═════ Collected data ═════
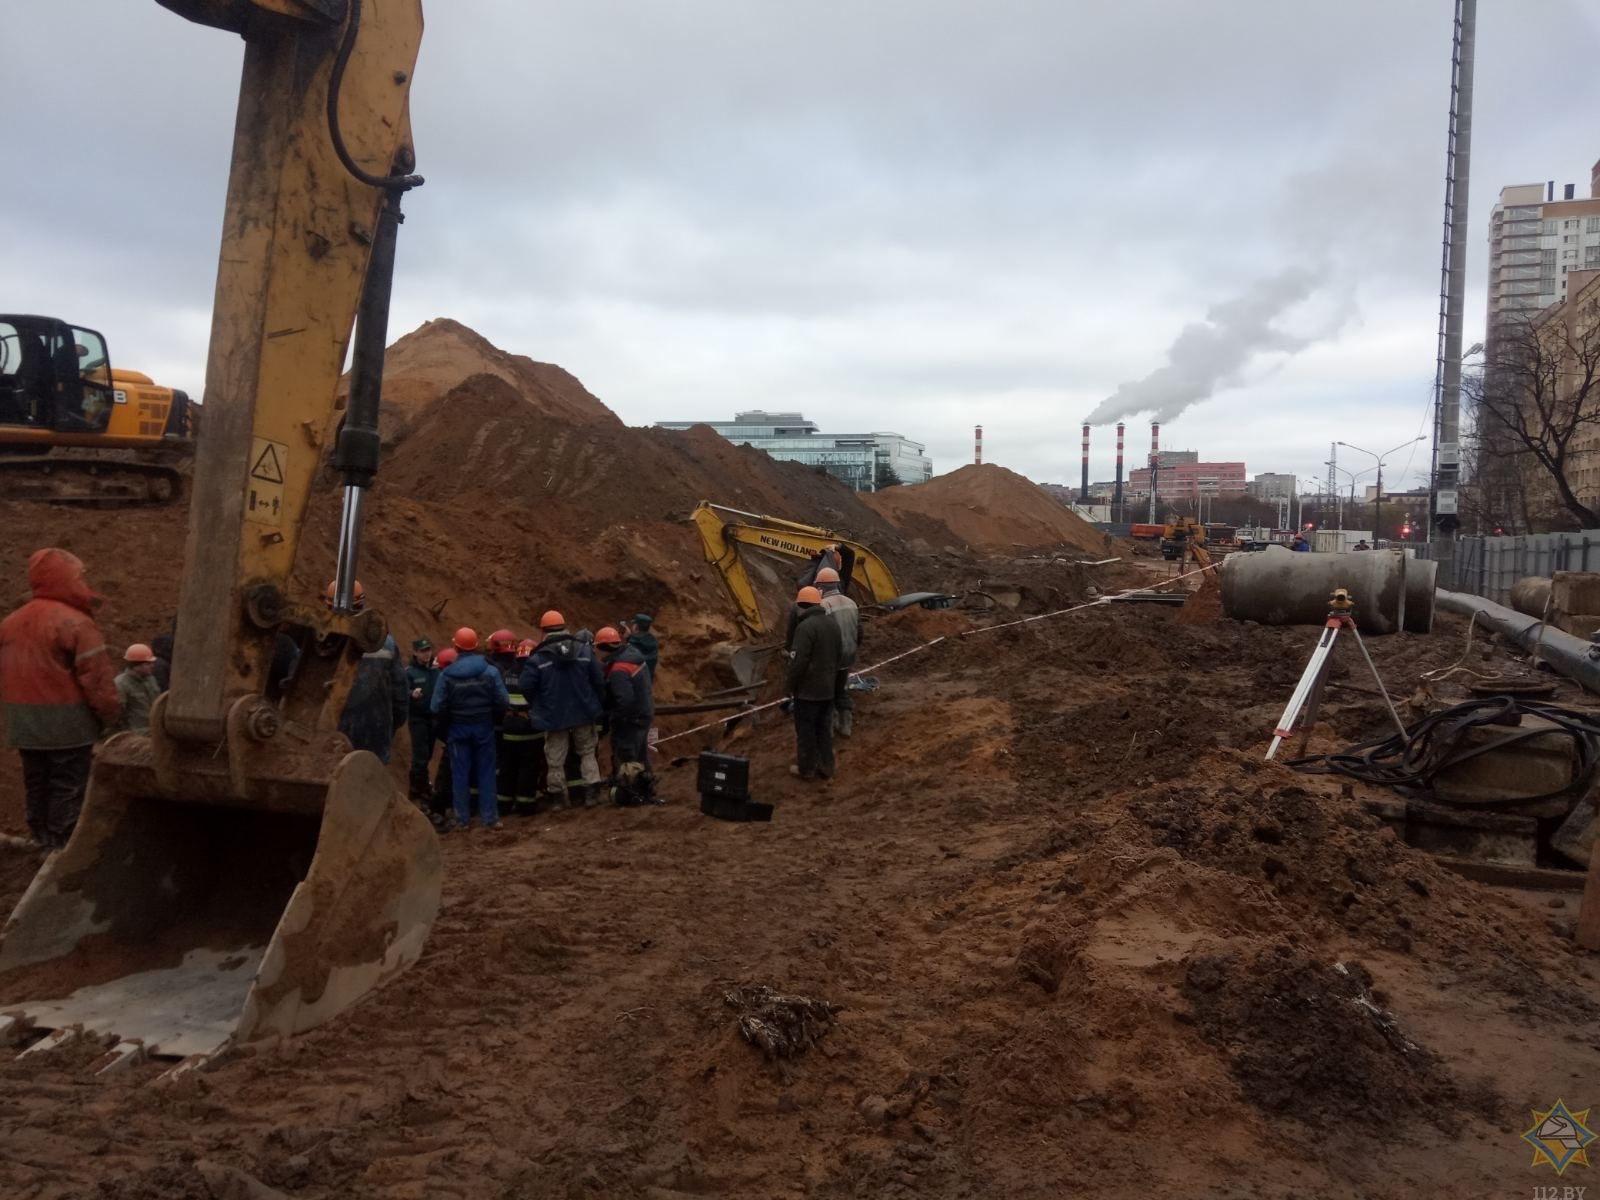   ЧП в Минске: рабочих засыпало песком на стройке
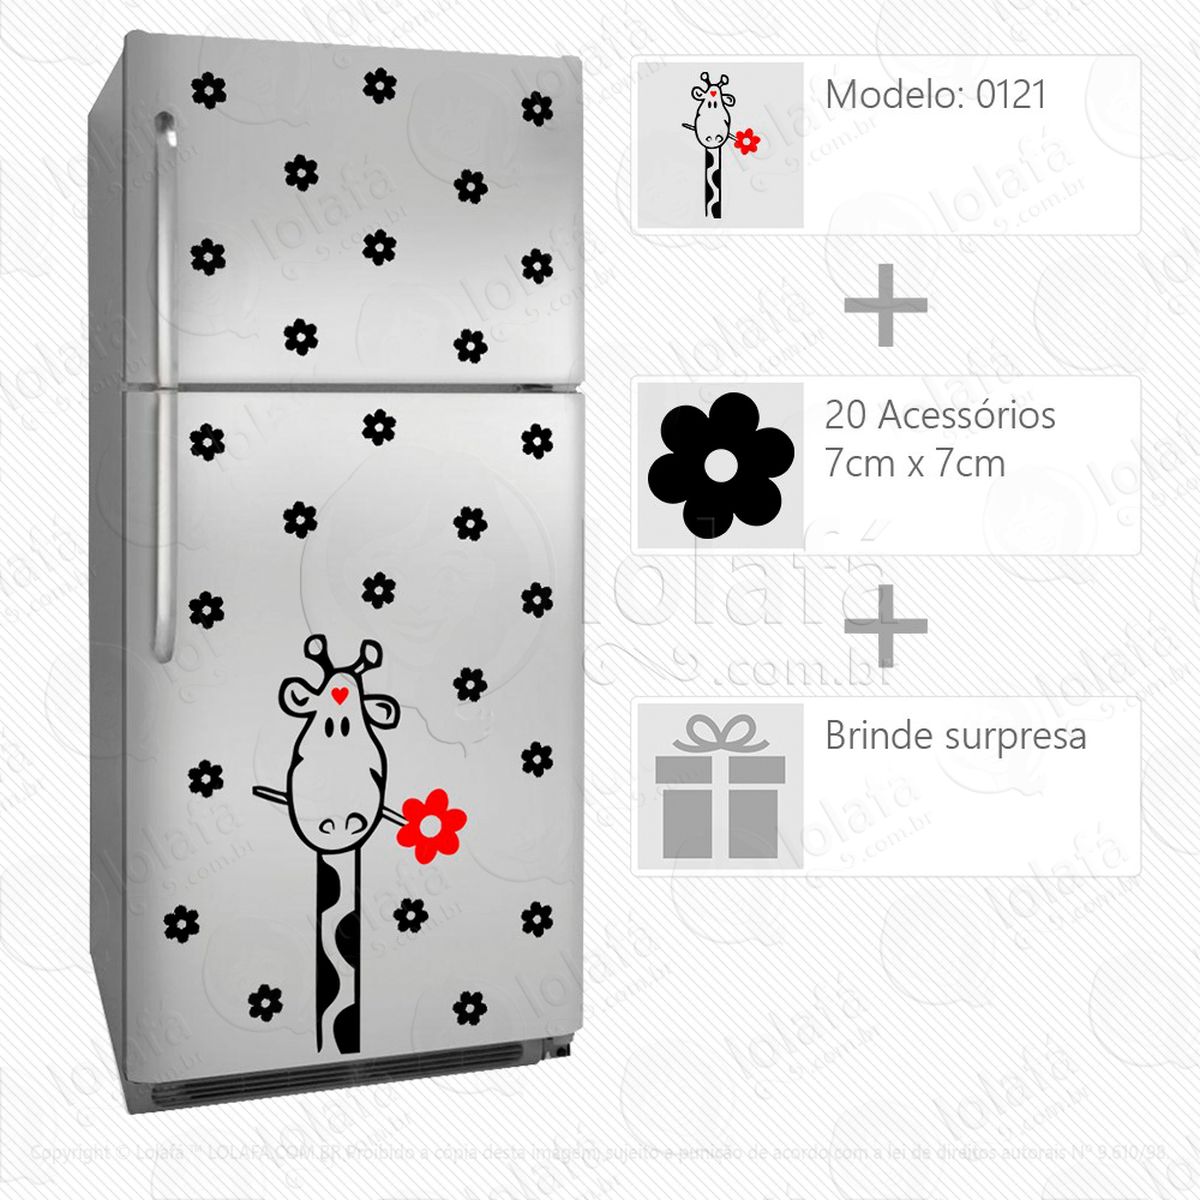 girafa adesivo para geladeira e frigobar - mod:121
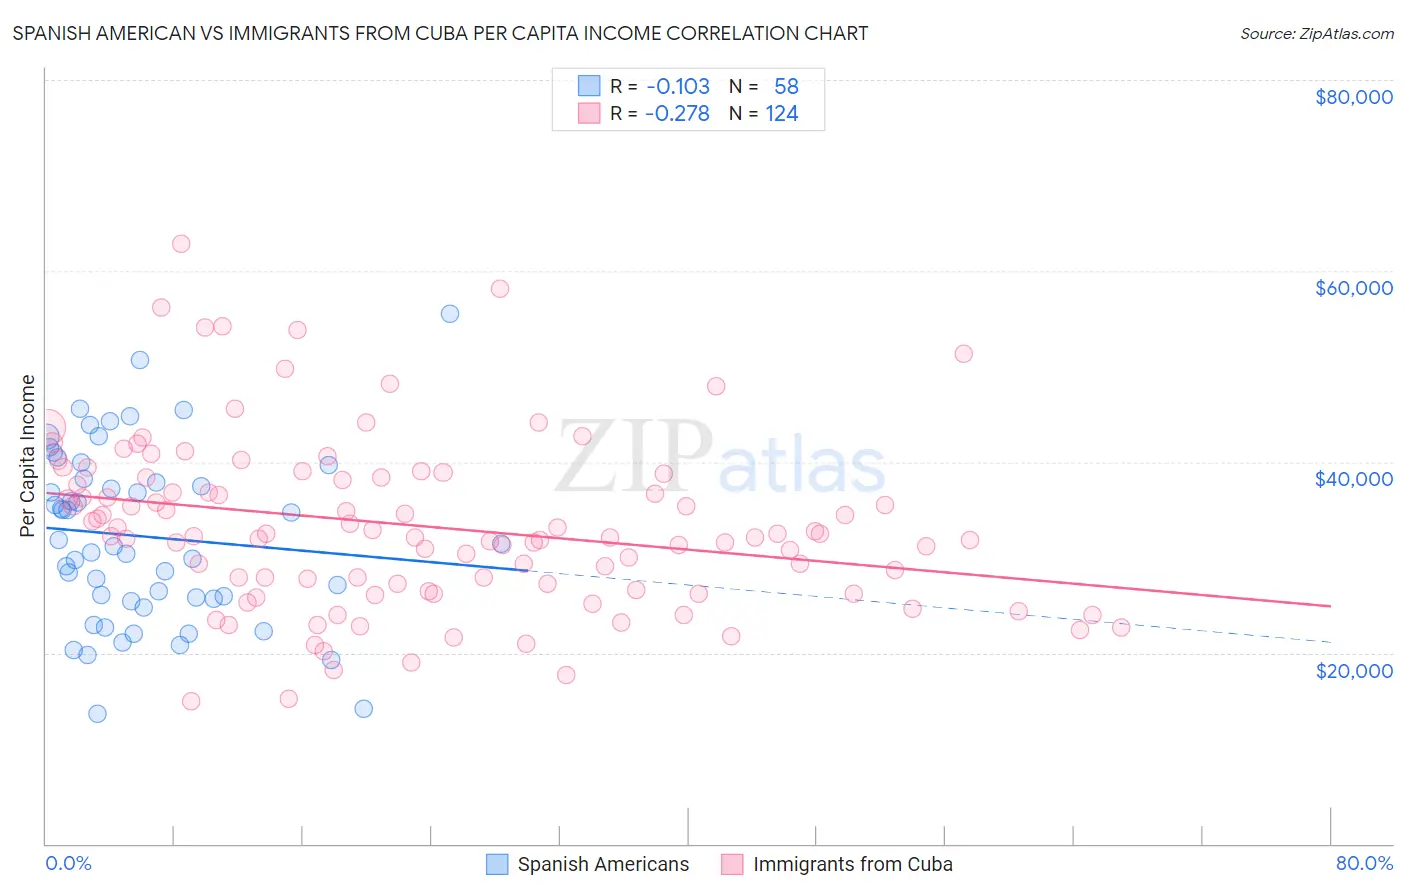 Spanish American vs Immigrants from Cuba Per Capita Income
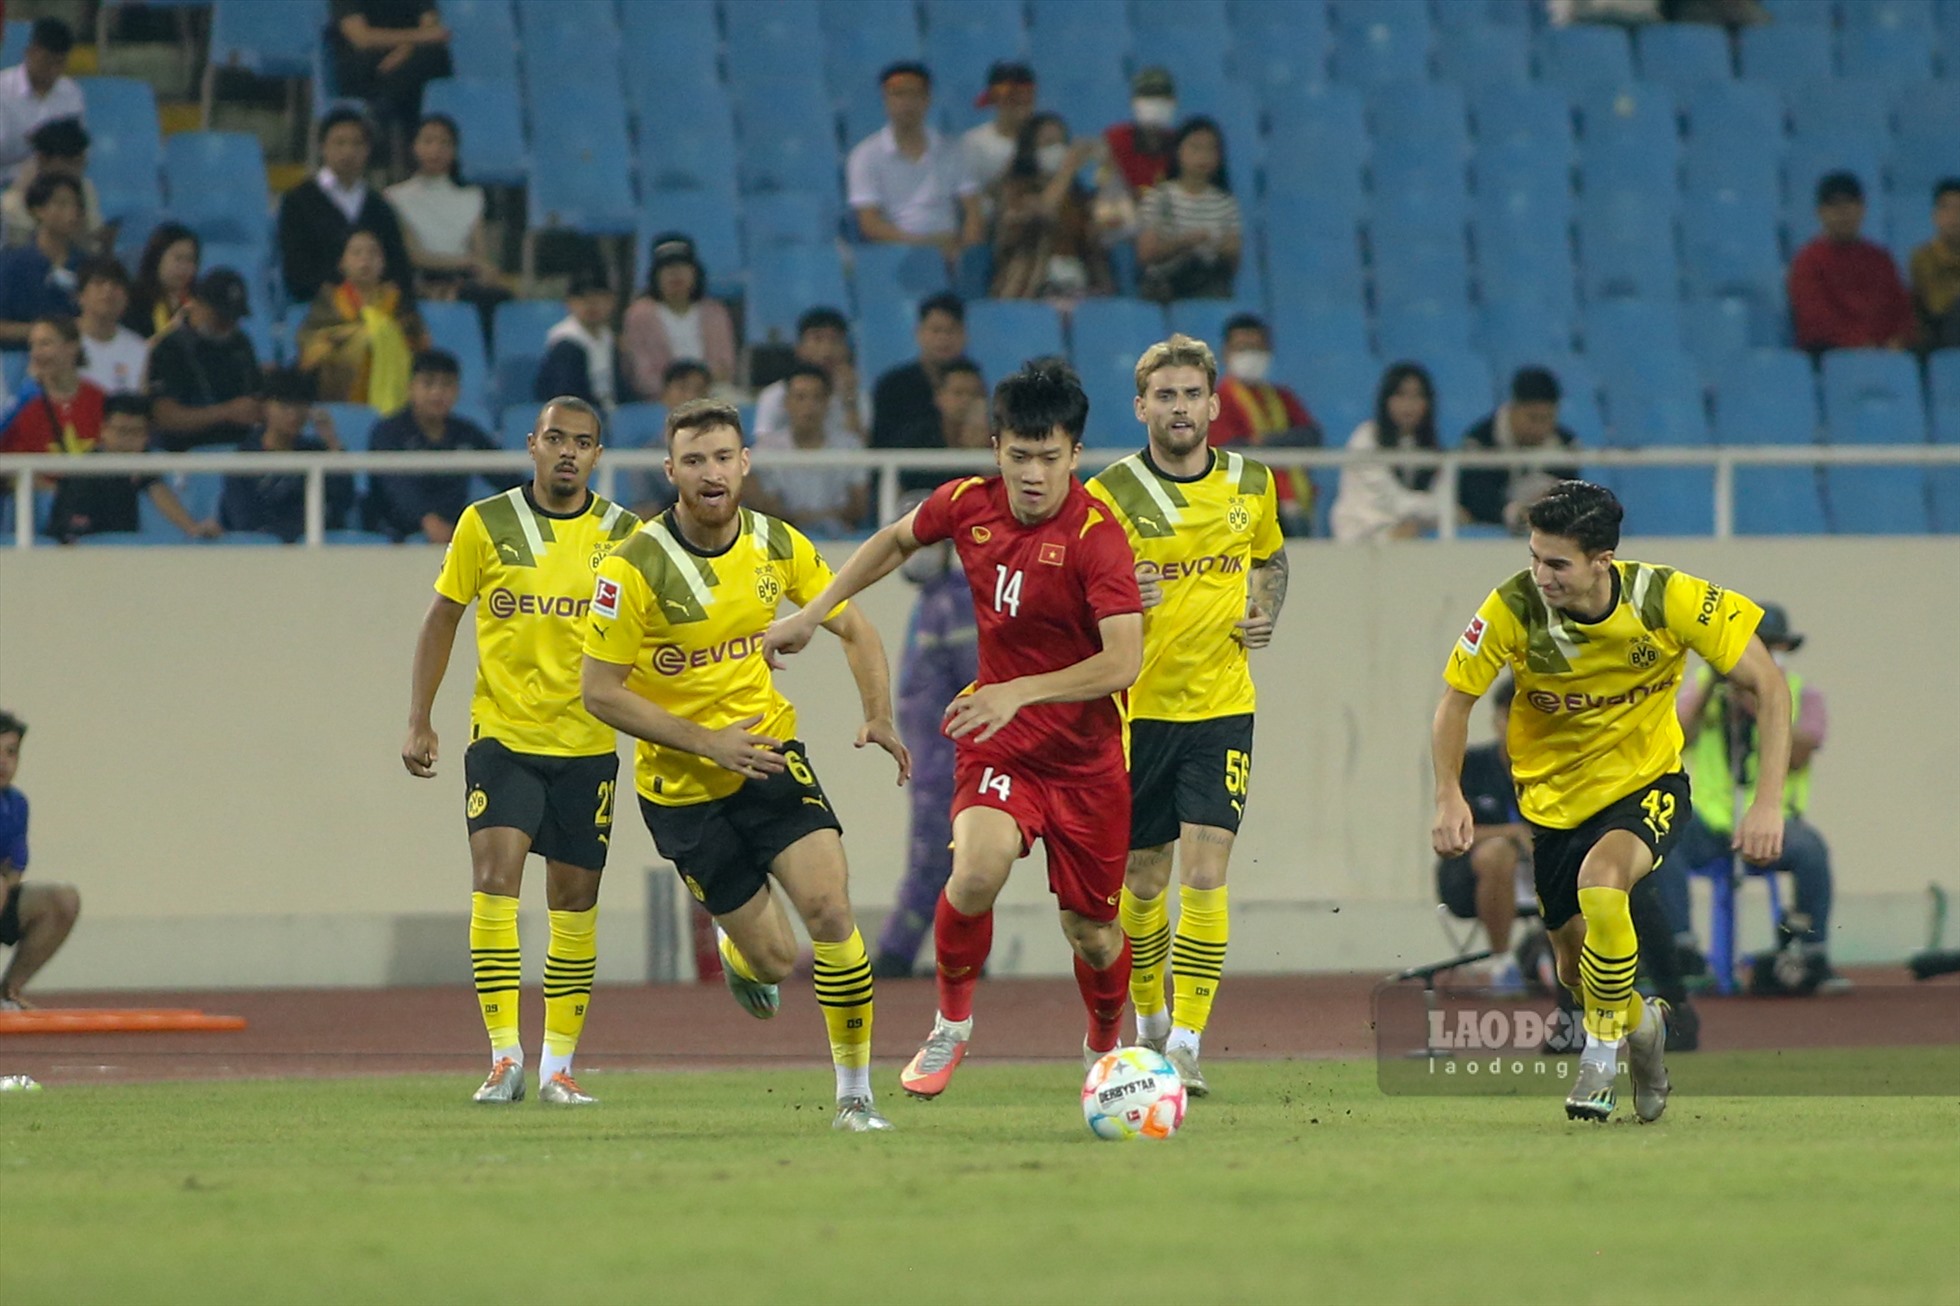 Tối ngày 30.11, tuyển Việt Nam có trận đấu giao hữu với câu lạc bộ  Borussia Dortmund trên sân Mỹ Đình.
═════
• Exercise prompt
Where pictures occur in the material above, omit them and return everything else exactly.

• Task answer
   ЧП в Минске: рабочих засыпало песком на стройке
 girafa adesivo para geladeira e frigobar - mod:121
 Spanish American vs Immigrants from Cuba Per Capita Income
 Tối ngày 30.11, tuyển Việt Nam có trận đấu giao hữu với câu lạc bộ  Borussia Dortmund trên sân Mỹ Đình.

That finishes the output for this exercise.